Ag(S2O3)2^3-(aq) concentration = 0.425 M
Step 4: Calculate the concentration of AgBr that can dissolve
Using the solubility product constant (Ksp = 5.0 × 10^-13), we can set up an equilibrium expression:
Ksp = [Ag+][Br-]
Given that the concentration of Ag+ is 0.425 M, and assuming the concentration of Br- is x (as AgBr dissolves), we can write:
Ksp = (0.425 M)(x) = 5.0 × 10^-13
Solving for x:
x = (5.0 × 10^-13) / (0.425 M) = 1.18 × 10^-12 M
Step 5: Calculate the mass of AgBr that can dissolve
To determine the mass of AgBr that can dissolve, we need to convert the concentration of AgBr (x) to moles using the volume of the solution and the molar mass of AgBr.
moles of AgBr = concentration (M) × volume (L) = (1.18 × 10^-12 M) × (1.40 L)
Finally, to convert moles to mass, we multiply by the molar mass of AgBr (187.77 g/mol):
mass of AgBr = moles of AgBr × molar mass of AgBr = (1.18 × 10^-12 M) × (1.40 L) × (187.77 g/mol)
Calculate this expression to find the mass of AgBr that can dissolve in the solution.
To determine the mass of AgBr that can dissolve in 1.40 L of 0.425 M Na2S2O3, we need to first find the concentration of Ag+ ions in the solution.
Given the balanced equation:
Ag+(aq) + 2 S2O32-(aq) --> Ag(S2O3)23-(aq)
The stoichiometry shows that 1 mol of Ag+ reacts with 2 mol of S2O32-. Therefore, the concentration of Ag+ ions is twice the concentration of Na2S2O3. Thus, the concentration of Ag+ ions can be calculated as follows:
Ag+ concentration = 2 * Na2S2O3 concentration
Given that the Na2S2O3 concentration is 0.425 M, the Ag+ concentration would be:
Ag+ concentration = 2 * 0.425 M = 0.85 M
Next, to find the mass of AgBr that can dissolve, we need to use the solubility product constant (Ksp) expression for AgBr, which is:
Ksp = [Ag+][Br-]
Rearranging the equation, we have:
[Ag+] = Ksp / [Br-]
Given that the Ksp value for AgBr is 5.0 * 10^-13 and we know the Ag+ concentration is 0.85 M, we can solve for [Br-]:
[Br-] = Ksp / [Ag+] = (5.0 * 10^-13) / (0.85 M) = 5.88 * 10^-13 M
The concentration of Br- ions is now known.
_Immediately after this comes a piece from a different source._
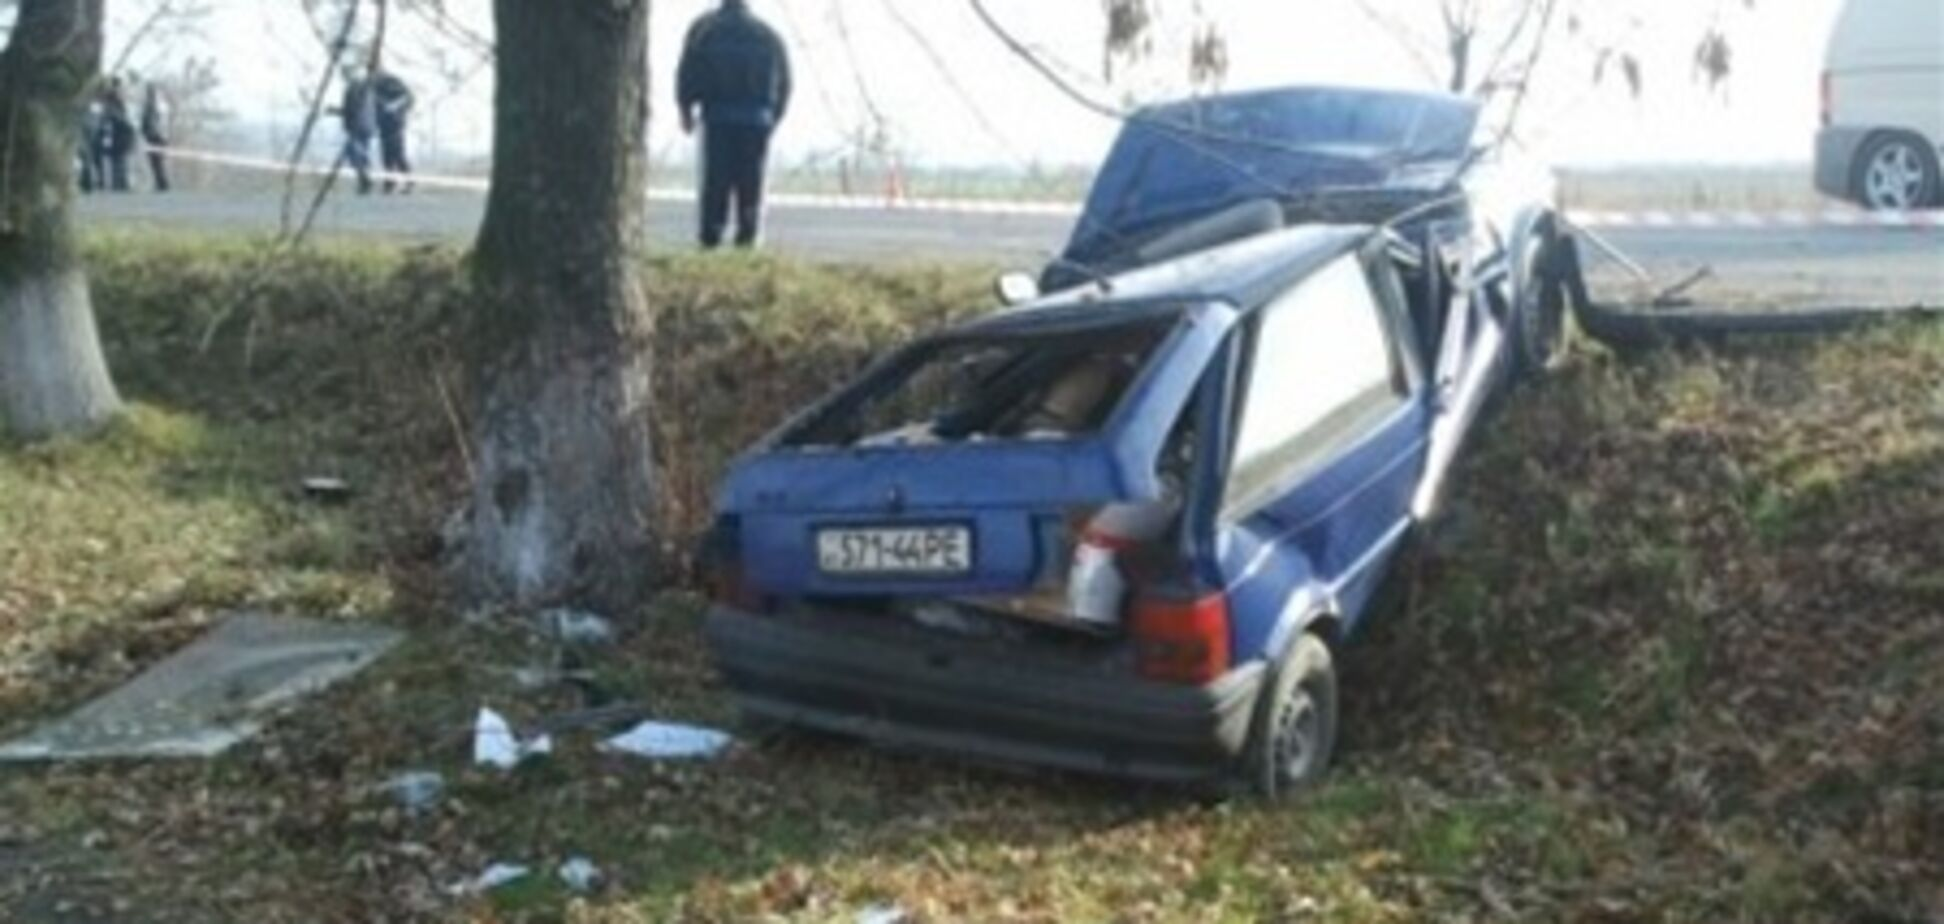 Ситуация на дорогах 22 ноября: 94 ДТП, 23 погибших
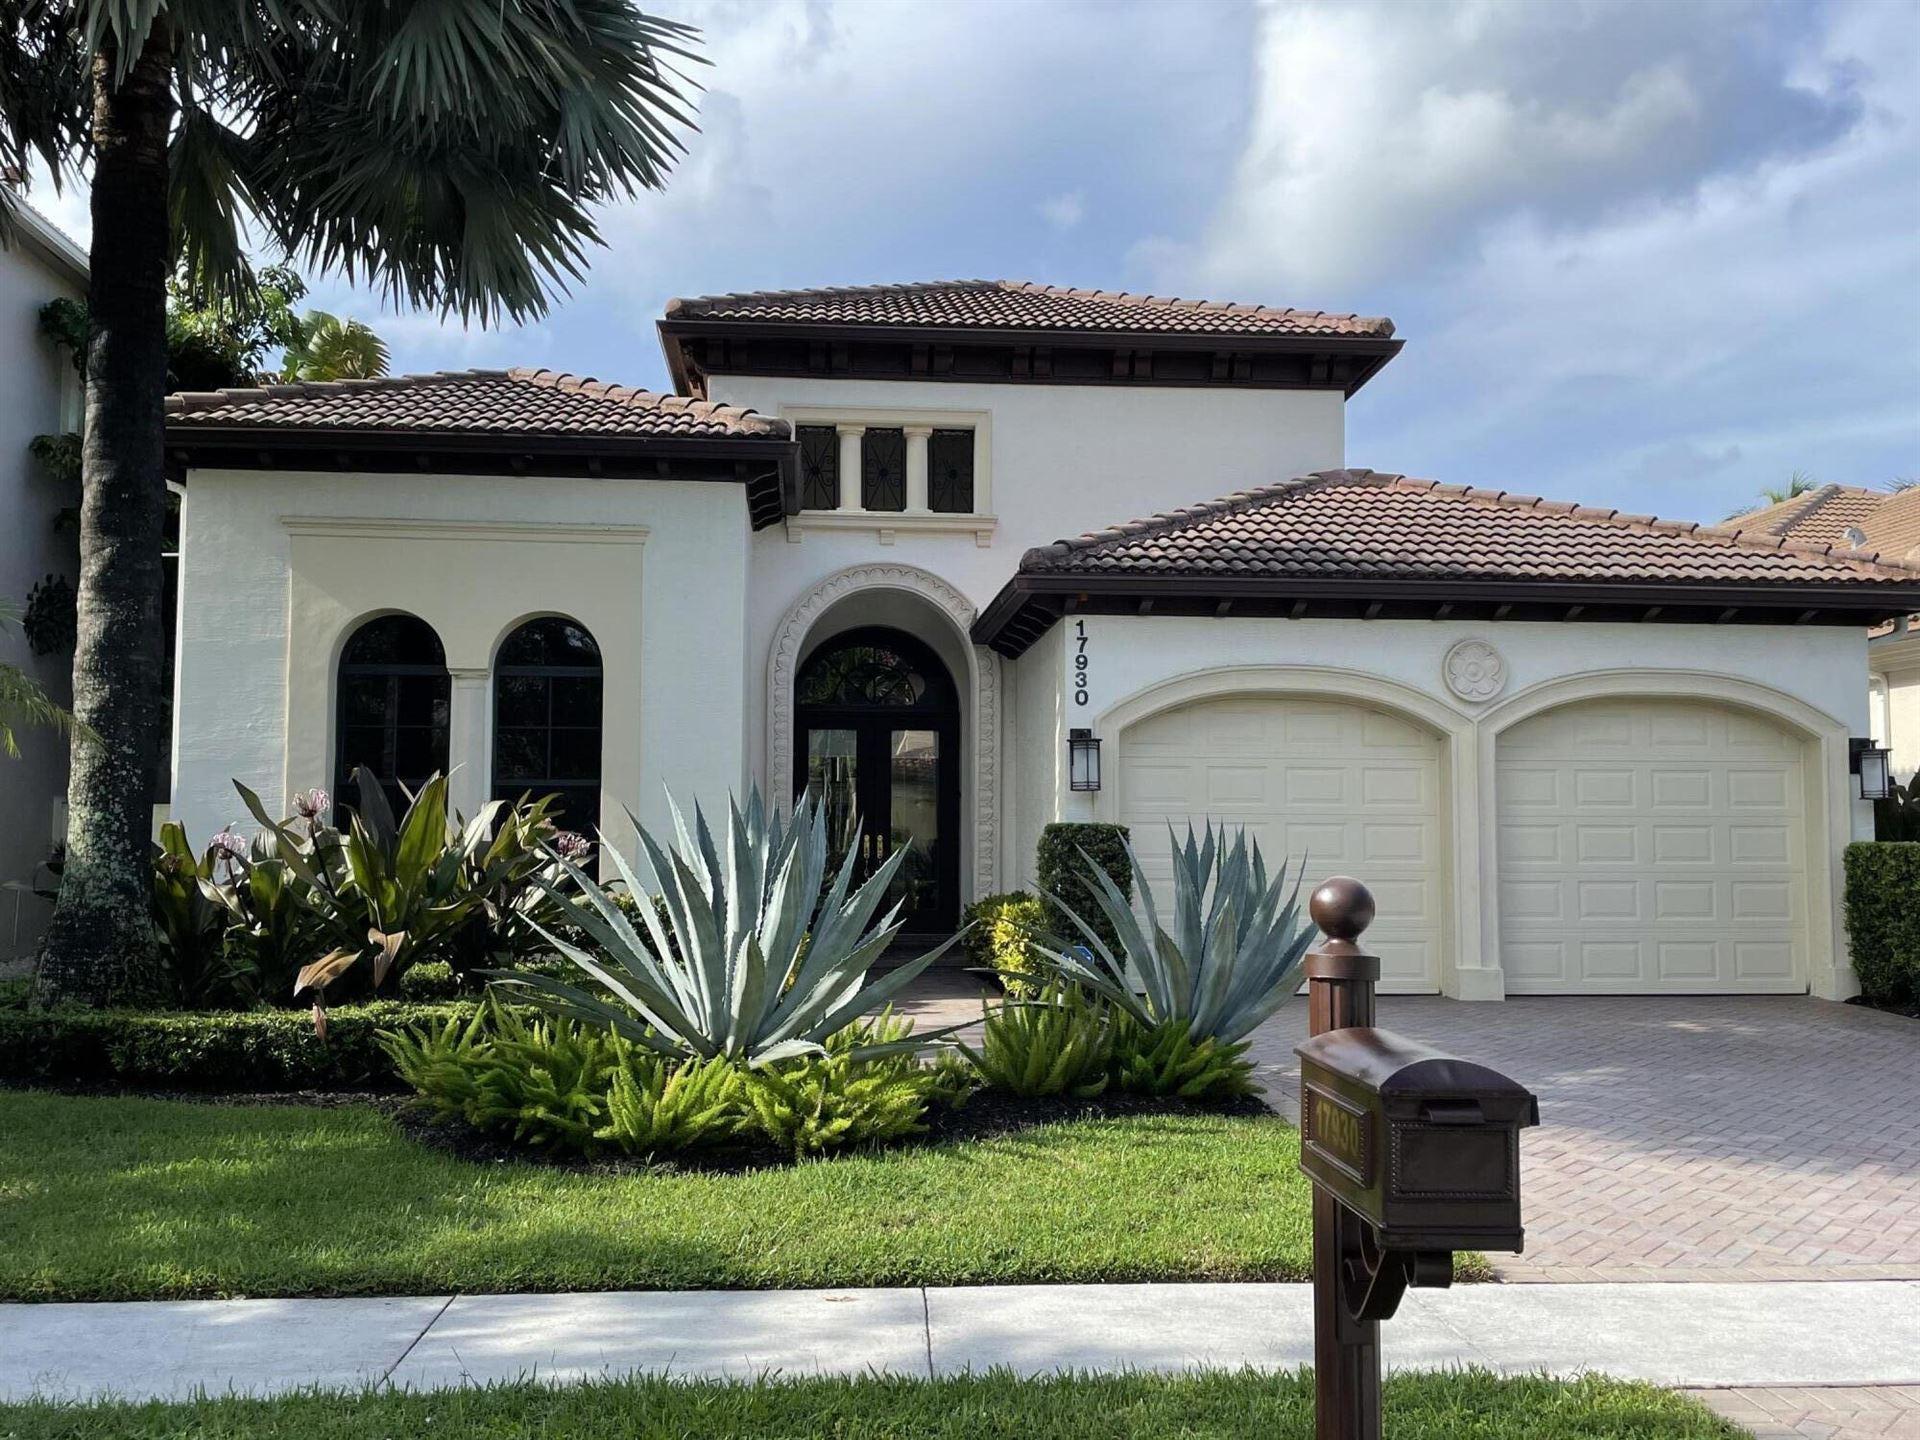 17930 Lake Azure Way, Boca Raton, FL 33496 - MLS#: RX-10735779

To find the moles of Br- ions present in the solution, we need to multiply the concentration by the volume of the solution:
moles of Br- = [Br-] * volume
= (5.88 * 10^-13 M) * (1.40 L)
Finally, we can calculate the mass of AgBr dissolved using stoichiometry:
molar mass of AgBr = atomic mass of Ag + atomic mass of Br
molar mass of AgBr = 107.87 g/mol + 79.90 g/mol = 187.77 g/mol
mass of AgBr = moles of Br- * molar mass of AgBr
= [(5.88 * 10^-13 M) * (1.40 L)] * (187.77 g/mol)
Now we plug in the values to calculate the mass of AgBr.